Carnegie Mellon University in Pittsburgh has a Center for Computational Thinking. The Center's major activity is conducting PROBEs or PROBlem-oriented Explorations. These PROBEs are experiments that apply novel computing concepts to problems to show the value of computational thinking. A PROBE experiment is generally a collaboration between a computer scientist and an expert in the field to be studied. The experiment typically runs for a year. In general, a PROBE will seek to find a solution for a broadly applicable problem and avoid narrowly focused issues. Some examples of PROBE experiments are optimal kidney transplant logistics and how to create drugs that do not breed drug-resistant viruses.[27]

Criticism[edit]

The concept of computational thinking has been criticized as too vague, as it's rarely made clear how it is different from other forms of thought.[8][28] The inclination among computer scientist to force computational solutions upon other fields has been called "computational chauvinism".[29] Some computer scientists worry about the promotion of computational thinking as a substitute for a broader computer science education, as computational thinking represents just one small part of the field.[30][9] Others worry that the emphasis on computational thinking encourages computer scientists to think too narrowly about the problems they can solve, thus avoiding the social, ethical and environmental implications of the technology they create.[31][8] In addition, as nearly all CT research is done in the US and Europe, it is not certain how well those educational ideas work in other cultural contexts.[14]

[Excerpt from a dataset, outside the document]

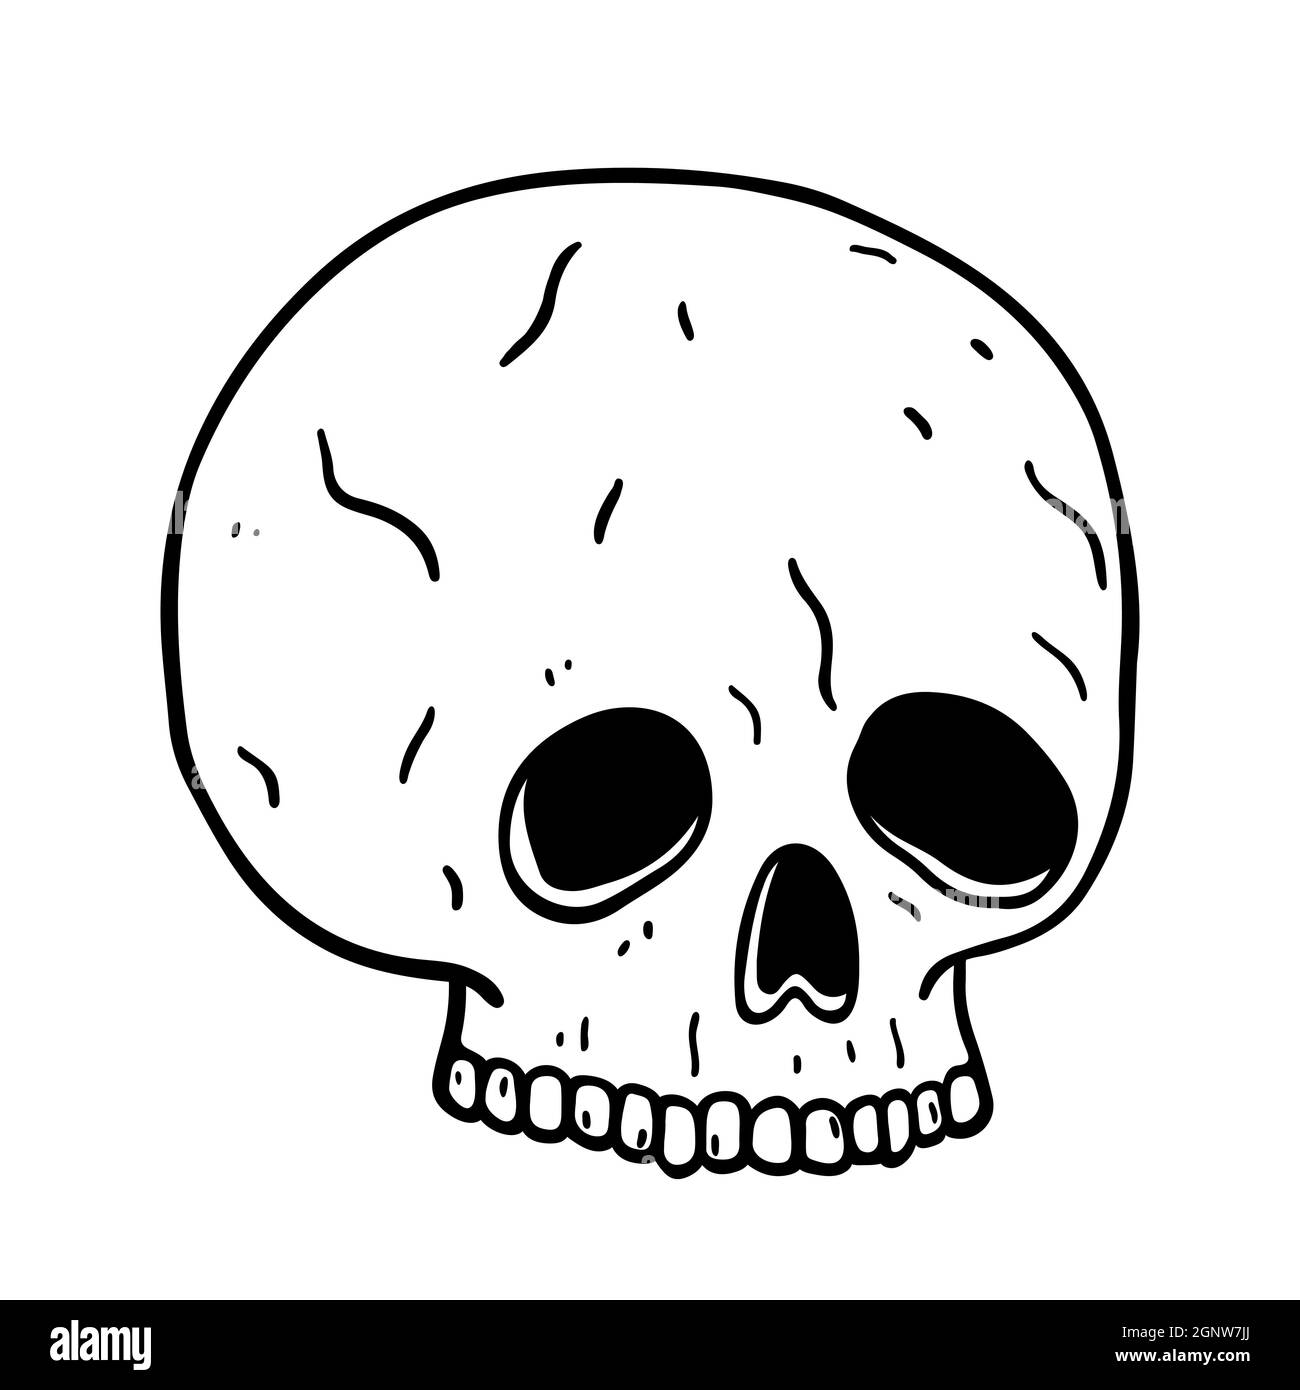 Spooky human skull isolated on white background. Creepy and scary face of a dead man. Hand-drawn vector illustration in doodle style. Perfect for Halloween designs, cards, decorations, logo. Stock Vector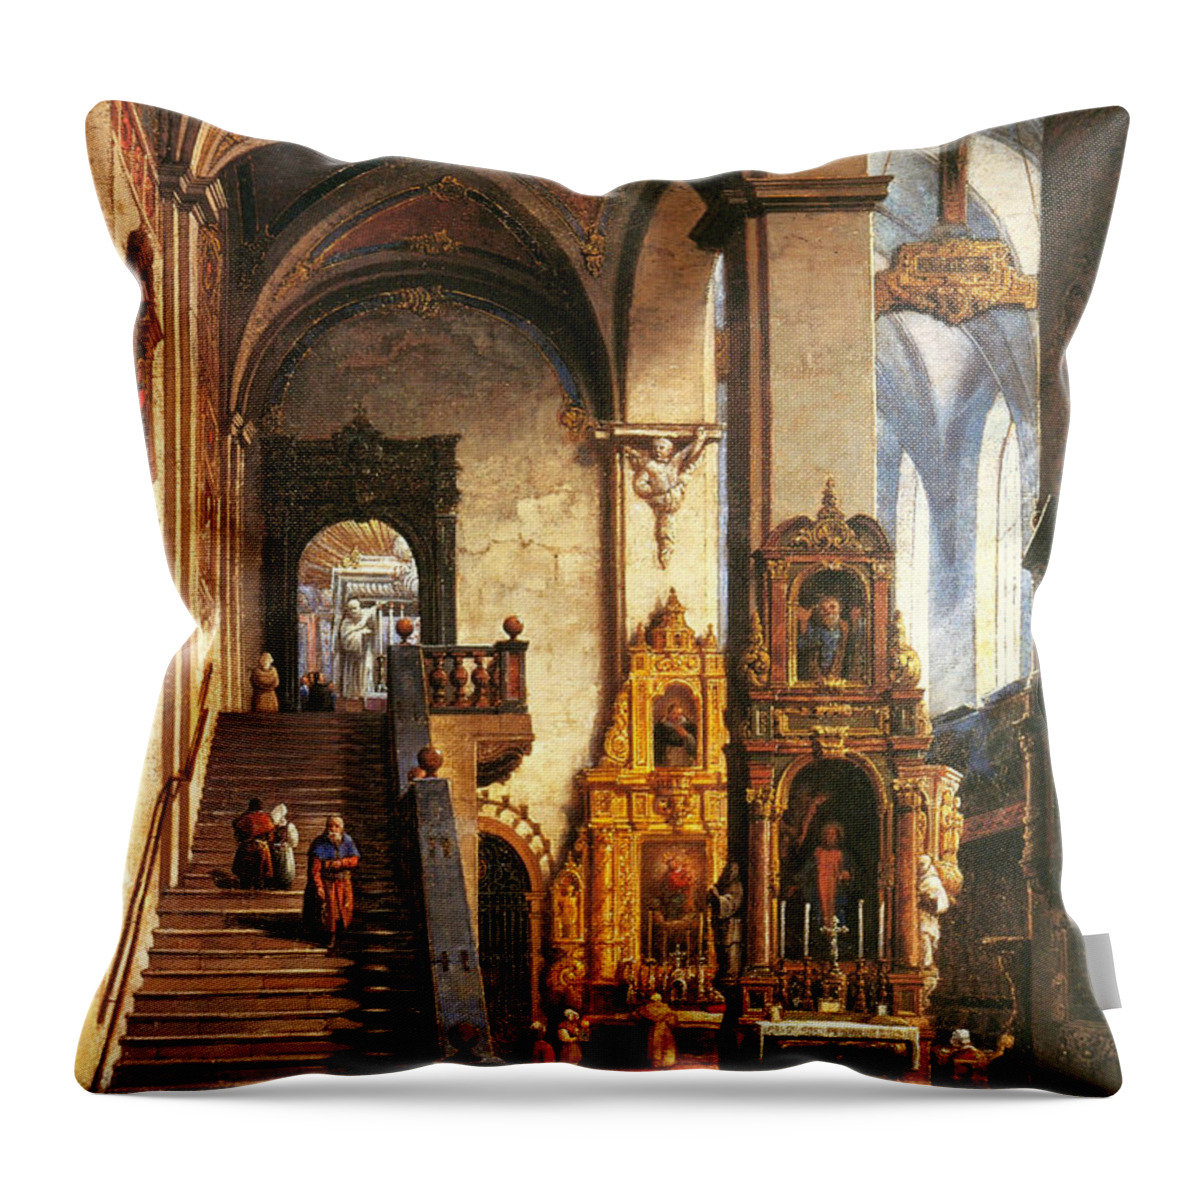 Marcin Zaleski Throw Pillow featuring the painting Interior of the Dominican Church in Krakow by Marcin Zaleski

A 2019 paper argues that the term "computational thinking" (CT) should be used mainly as a shorthand to convey the educational value of computer science, hence the need of teaching it in school.[32] The strategic goal is to have computer science recognized in school as an autonomous scientific subject more than trying to identify "body of knowledge" or "assessment methods" for CT. Particularly important is to stress the fact that the scientific novelty associated with CT is the shift from the "problem solving" of mathematics to the "having problem solved" of computer science. Without the "effective agent", who automatically executes the instructions received to solve the problem, there would be no computer science, but just mathematics. Another criticism in the same paper is that focusing on "problem solving" is too narrow, since "solving a problem is just an instance of a situation where one wants to reach a specified goal". The paper therefore generalizes the original definitions by Cuny, Snyder, and Wing[33] and Aho[34] as follows: "Computational thinking is the thought processes involved in modeling a situation and specifying the ways an information-processing agent can effectively operate within it to reach an externally specified (set of) goal(s)."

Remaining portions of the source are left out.